BALANCING INTERNAL MOTIVATION AND EXTERNAL NORMS

 

So what would be the focus of law (as a set of norms) if it is to reflect the appropriately internal motivation so central to Buddhism? It must be designed so as to promote individual happiness—but that is too easy and too quick. It must be designed so as to operate on one’s dispositional states, such that one is disposed to be motivated properly. It must be designed to change hearts and minds, not merely behavior.

 

So, if a law (let us refer to that law as a norm for now to avoid complexities surrounding the contrast between law in action and law as codified) is to be designed in such a way, a way appropriate to the internalist norms of personal development and motivation reformation, it must be internally endorsed, not externally enforced. Importantly, this norm will not work to promote the values it is supposed to instill unless one endorses it.

 

In the case of external norms, one need not care about the norm or be motivated appropriately for the scope of that norm to apply; while I might not care about social sanction, the norms of social behavior will still be applied to me. But how can we formulate norms that will encourage this, that is, facilitate right motivation in the right way, rather than enforce behavior that leads to happiness in a manner entirely inconsistent with the internal focus of Buddhist norms? More simply, how can we formulate norms that capture the essentially internal motivation of Buddhist norms? Notice how odd it would be to say “to make people strive for their own happiness” rather than, more appropriately, “to encourage happiness.” (Shockley, Kenneth, “Internal Motivations, External Coercion, and Educating for Happiness” as published in the Buffalo Law Review, Vol. 55: 635-735 (2007).)

 

Vohs might be correct in her assumption that “you’re not going to be motivated to work harder.”  However, this seems a narrow-minded goal.  Would not the better goal be for a greater work product, a smarter, more efficient method of doing business, and mutual satisfaction between parties.  While hard work can certainly lead to economic growth and prosperity, in and of itself, it does not necessarily guarantee the results intended and has been a bane to many workers.  Take the case of Warren Buffet, who nearly refuses meetings.  His practical goal for some time has been to read prospectuses alone in a comfortable environment and make three of four wise acquisitions each year that will yield him and his stakeholders a worthwhile profit.  Herein, there seems to be a level of utilitarianism.  Many people benefit, as well as the larger economy.  This he does in a modest office in Omaha, Nebraska.

 

Yes, Buddists are concerned about profit too.  The Dalai Lama said—

 

Economic motivation is very powerful and we cannot expect people not to be personally motivated by economic gain. Also without money, there is no progress. Even Buddhist monks who are aiming for Nirvana in their day-to-day life, they need money.

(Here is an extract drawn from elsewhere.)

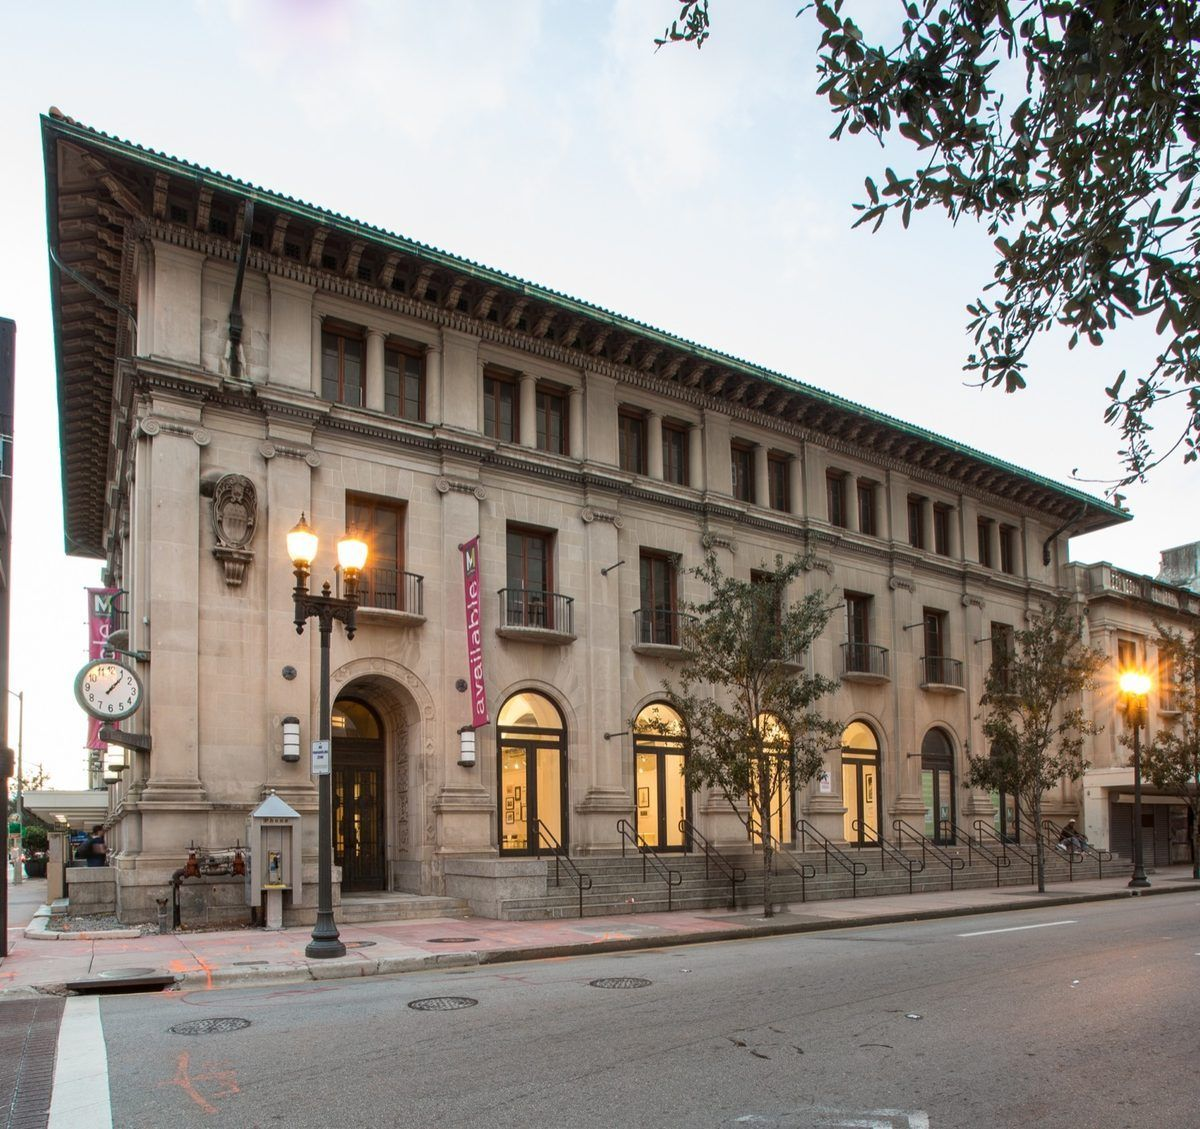 Exploring The New Miami Center For Architecture And Design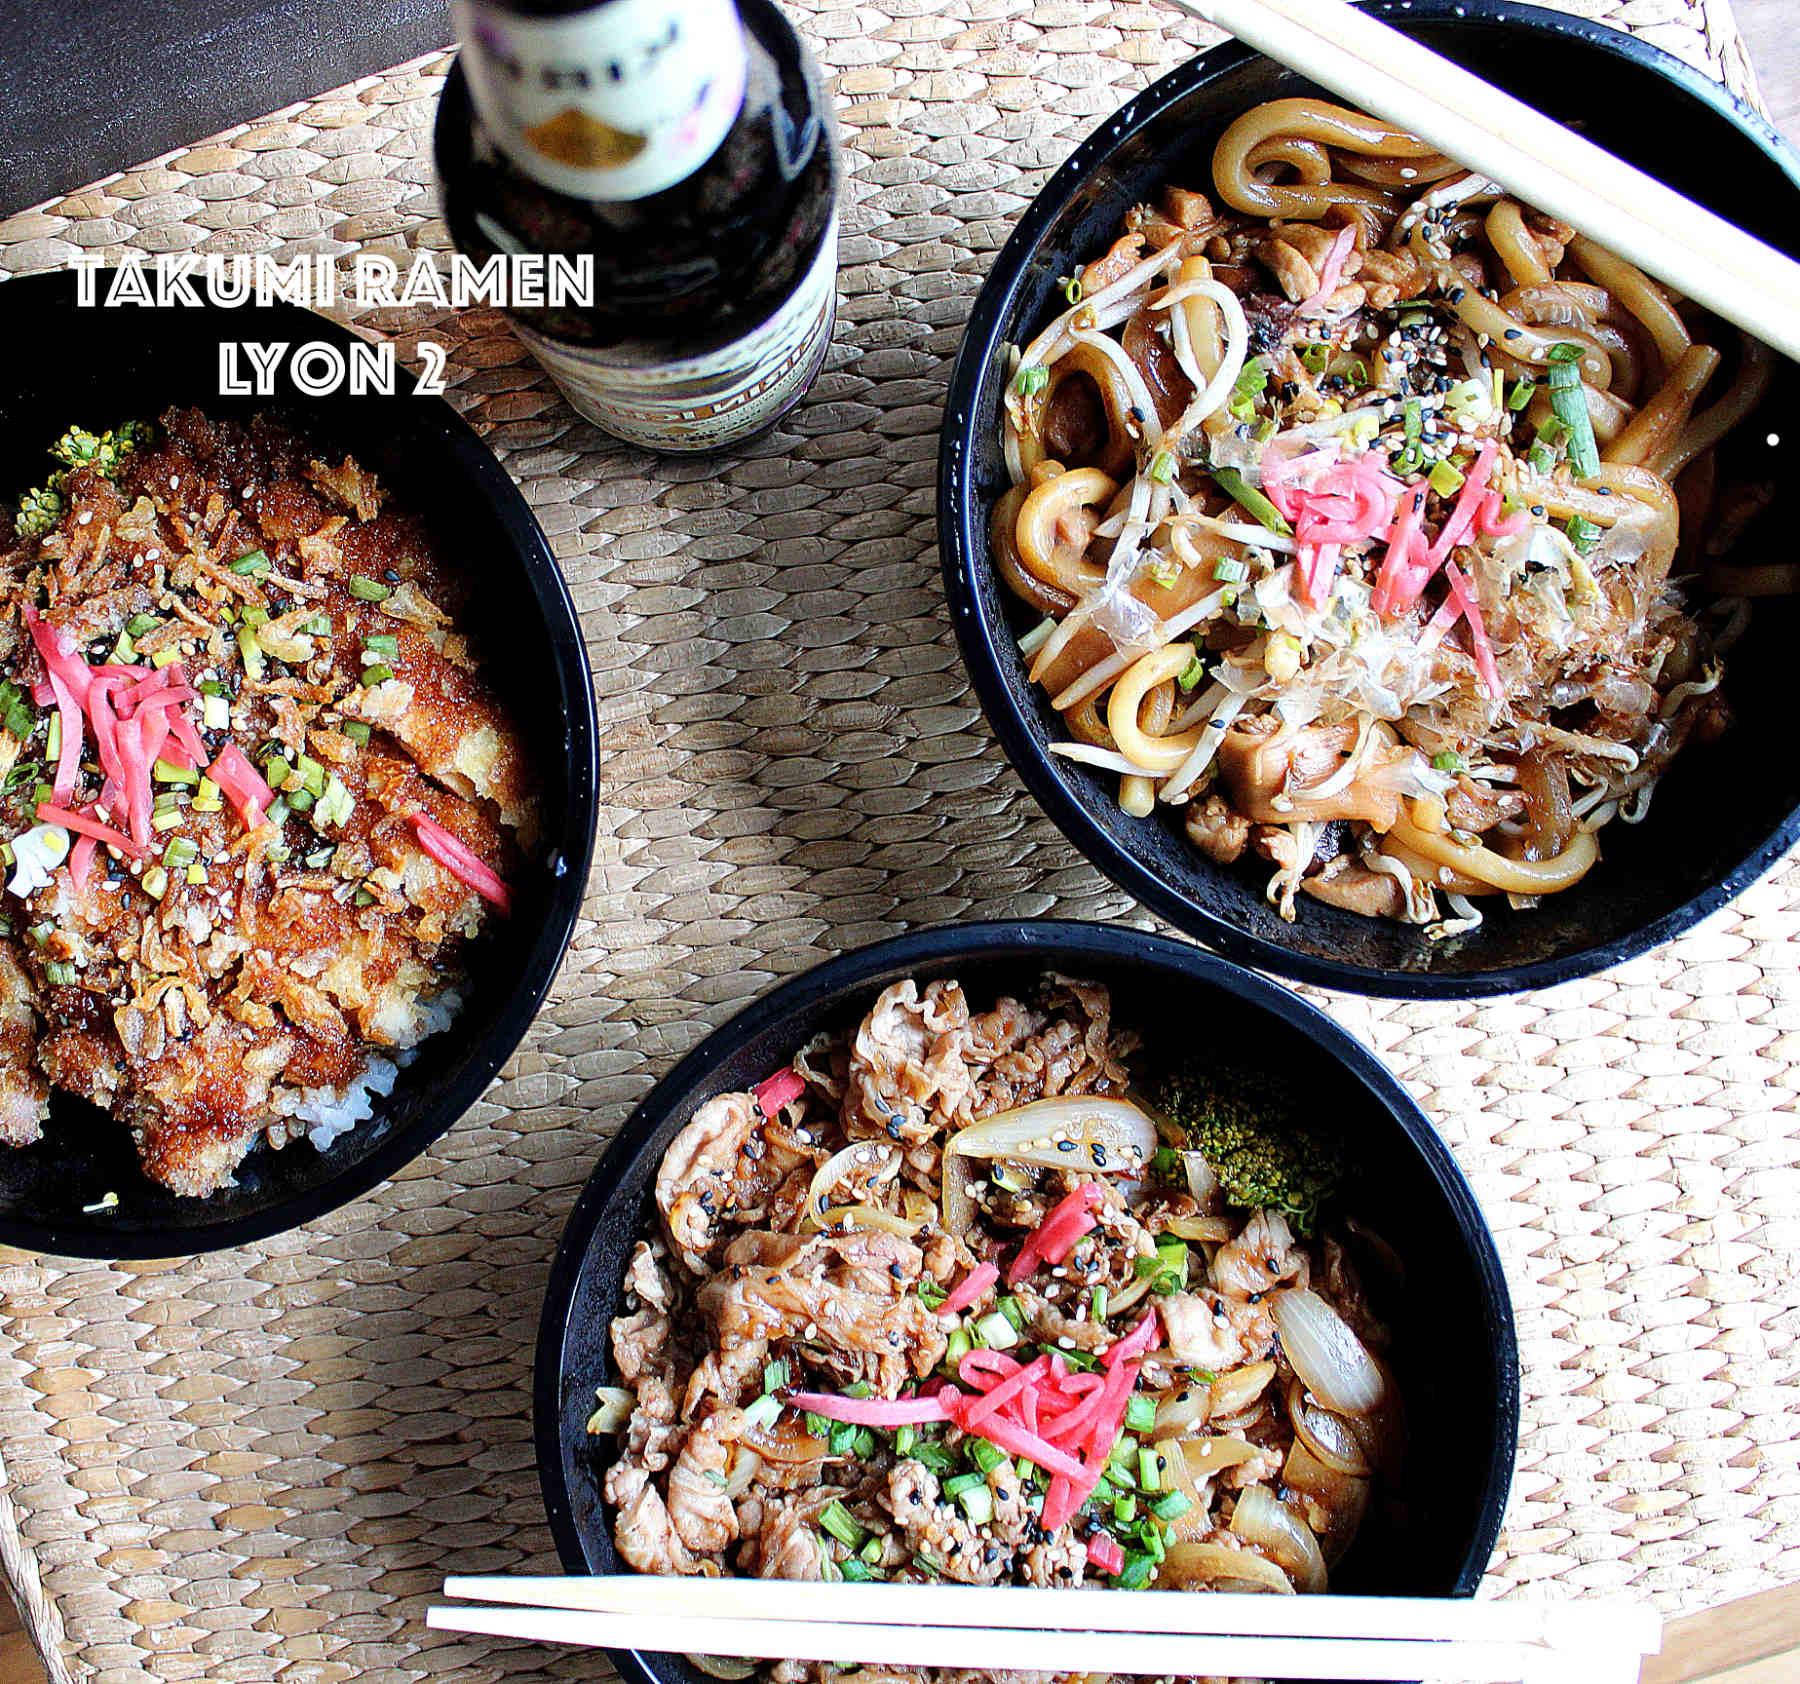 Takumi Ramen, a delicious japanese restaurant (Lyon 2)

And I think from the Buddhist viewpoint, is

really a matter of balance….

 

Surely the companies that will take us through the halfway mark of the 21st century will not disavow profit.  Profit is essential—without it the company dies.  But what else might become acknowledged as being important and by what other models can companies maximize profit?  Lest we forget that Apple, Google and Nike are not companies of our grandfathers’ generations.  Oh I watched them take the wrecking ball to the ole Montgomery Wards, Woolsworths became a Family Dollar and Sears has gone online.

 

Have a good weekend, folks!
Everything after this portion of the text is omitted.